Einige Beispiele sollen helfen, das heutige Vorkommen der Gaunersprache – in seiner „sesshaften“ Form – als Rotwelsch-Dialekte darzustellen. Des Weiteren soll diese Arbeit einen Überblick über wichtige Forschungsarbeiten liefern und Einblick in literarische Überlieferungen geben.
Aufgrund der großen Beweglichkeit der Rotwelsch-Sprecher und der damit begünstigten Interaktion innerhalb dieser heterogenen Gruppe erklärt sich eine lexikalische Besonderheit: der Einfluss verschiedener Sprachen. Auch wenn ein Großteil der Wörter dem Deutschen entstammt, lassen sich unter anderem Einflüsse aus dem Jüdisch-Hebräischen, Zigeunerischen, Lateinischen und Niederländischen nachweisen.
Dass letztlich nicht nur deutsche Mundarten und andere Sprachen prägend auf die Gaunersprache wirkten, sondern auch diese wiederum Gemein- und Alltagssprache beeinflusste, soll am Beispiel des Berlinischen aufgezeigt werden.
Inhaltsverzeichnis
- 1. Einleitung
- 2. Rotwelsch - Die deutsche Gaunersprache
- 2.1. Entwicklungsgeschichte
- 2.1.1. Vom Entstehen eines neuen Standes
- 2.1.2. Vom 30-jährigen Krieg bis zum Ende des napoleonischen Zeitalters
- 2.1.3. Vom Beginn der Industrialisierung bis heute
- 2.2. Rotwelsch-Dialekte
- 2.2.1. Masematte
- 2.2.2. Henese Fleck
- 2.2.3. Hundeshagener Musikantensprache
- 2.1. Entwicklungsgeschichte
- 3. Rotwelsch als sprachwissenschaftlicher Gegenstand
- 3.1. Sprachtypologische Einordnung des Rotwelsch
- 3.1.1. Die Geheimhaltungsabsicht
- 3.1.2. Das Identifikationsmittel
- 3.2. Wichtige Forschungsarbeiten
- 3.2.1. Kenntnis des Rotwelsch zum Schutz vor Betrügern
- 3.2.2. Kriminalistisches Interesse
- 3.2.3. Soziohistorisches und linguistisches Interesse
- 3.2.4. Schriften von Rotwelschen
- 3.3. Literarische Überlieferungen
- 3.1. Sprachtypologische Einordnung des Rotwelsch
- 4. Die Lexik
- 4.1. Deutsche Einflüsse
- 4.2. Jiddische und hebräische Einflüsse
- 4.3. Zigeunersprachliche Einflüsse
- 4.4. Einflüsse anderer Sprachen
- 5. Rotwelsch im Berlinischen
- 6. Rotwelsch heute - Fazit
Zielsetzung und Themenschwerpunkte
Diese Arbeit untersucht die Geschichte und Entwicklung des Rotwelsch, einer Geheimsprache sozialer Außenseiter. Ziel ist es, die sprachlichen Besonderheiten des Rotwelsch zu beleuchten und dessen soziohistorischen Kontext zu analysieren. Die Arbeit betrachtet sowohl die sprachwissenschaftliche Einordnung als auch den Einfluss verschiedener Sprachen auf die Entwicklung des Rotwelsch.

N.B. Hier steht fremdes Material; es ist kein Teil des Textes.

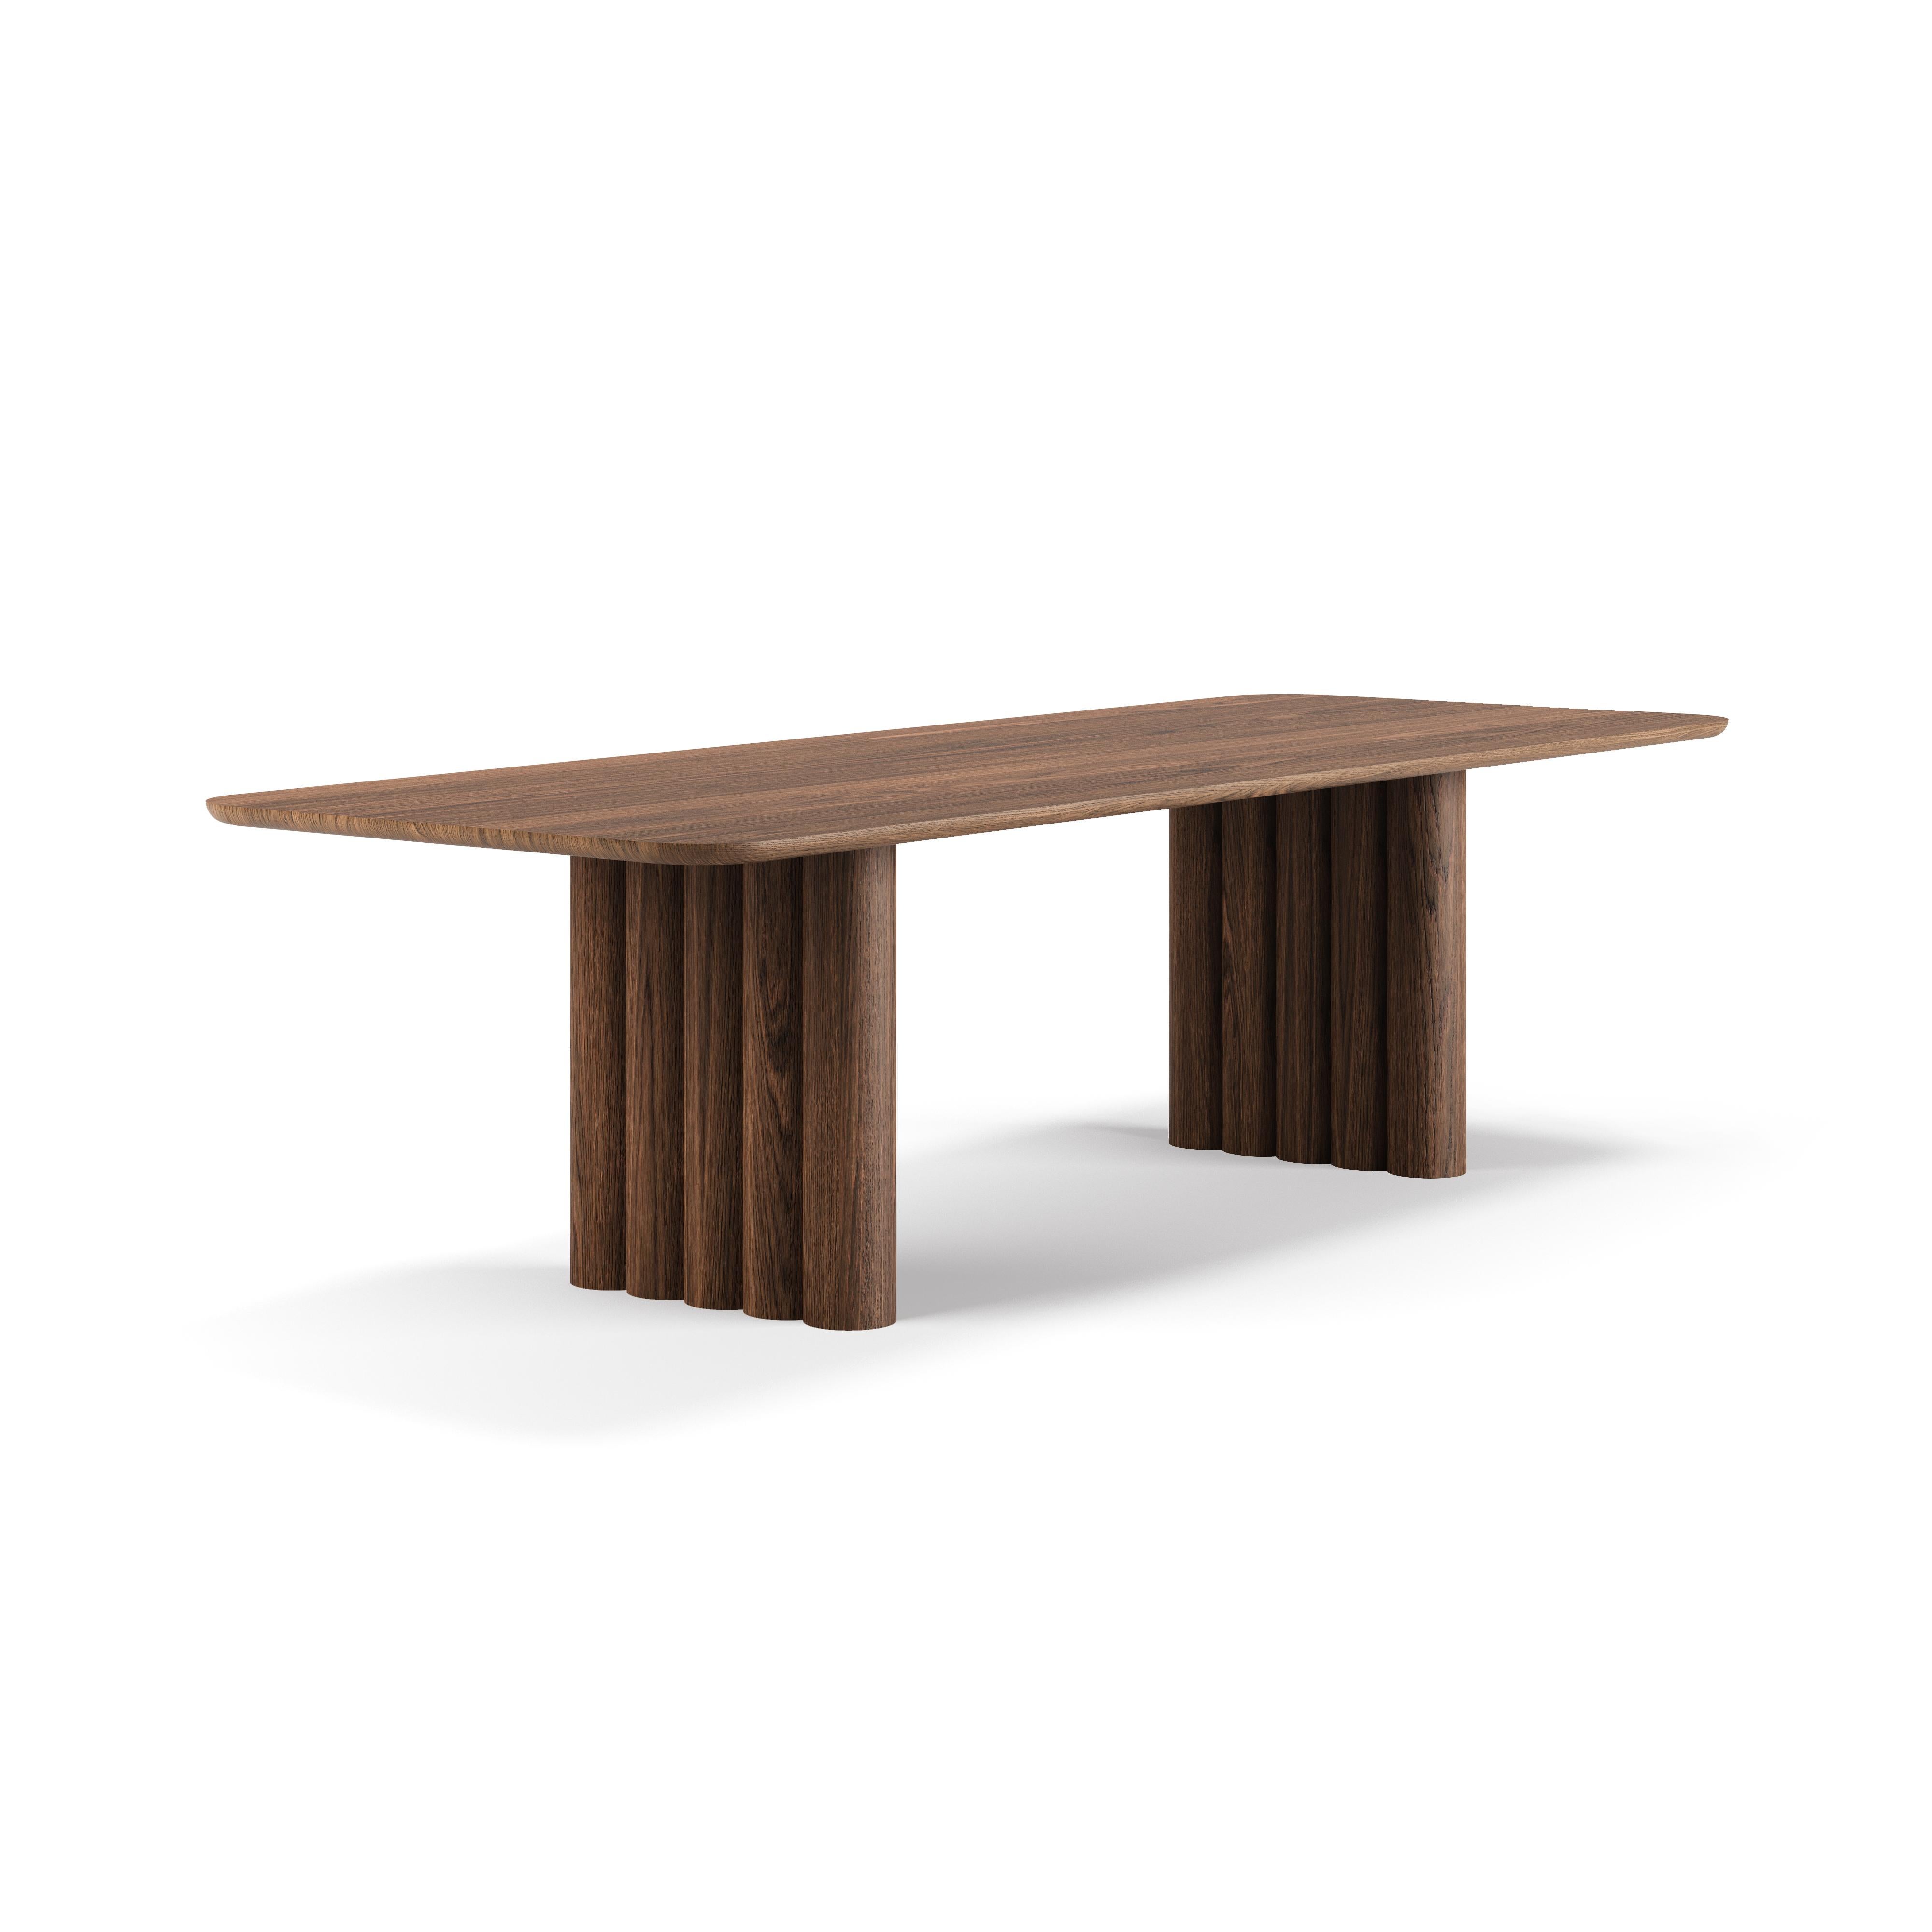 Danish Rectangular Dining Table 'Plush' by Dk3, Smoked Oak or Walnut, 200 For Sale

- Entwicklungsgeschichte des Rotwelsch von seinen Anfängen bis zur Gegenwart
- Sprachtypologische Einordnung des Rotwelsch: Geheimhaltung und Identifikation
- Einfluss verschiedener Sprachen auf die Lexik des Rotwelsch
- Rotwelsch als Spiegel sozialer Ausgrenzung und Abgrenzung
- Rotwelsch im Berlinischen
Zusammenfassung der Kapitel
1. Einleitung: Die Einleitung führt mit einem Beispiel – dem rotwelschen Wort „Flebbn“ für Fahrzeugpapiere – in die Thematik ein und stellt die Bedeutung des Rotwelsch als Sprache sozialer Außenseiter heraus. Sie hebt die Verbindung zwischen der Sprache und den sozialen Unterschieden hervor und kündigt den weiteren Verlauf der Arbeit an, welcher die historische Entwicklung, sprachwissenschaftliche Aspekte und literarische Überlieferungen des Rotwelsch beleuchten wird. Die Einleitung betont die Funktionen des Rotwelsch als Geheimsprache und Identifikationsmittel.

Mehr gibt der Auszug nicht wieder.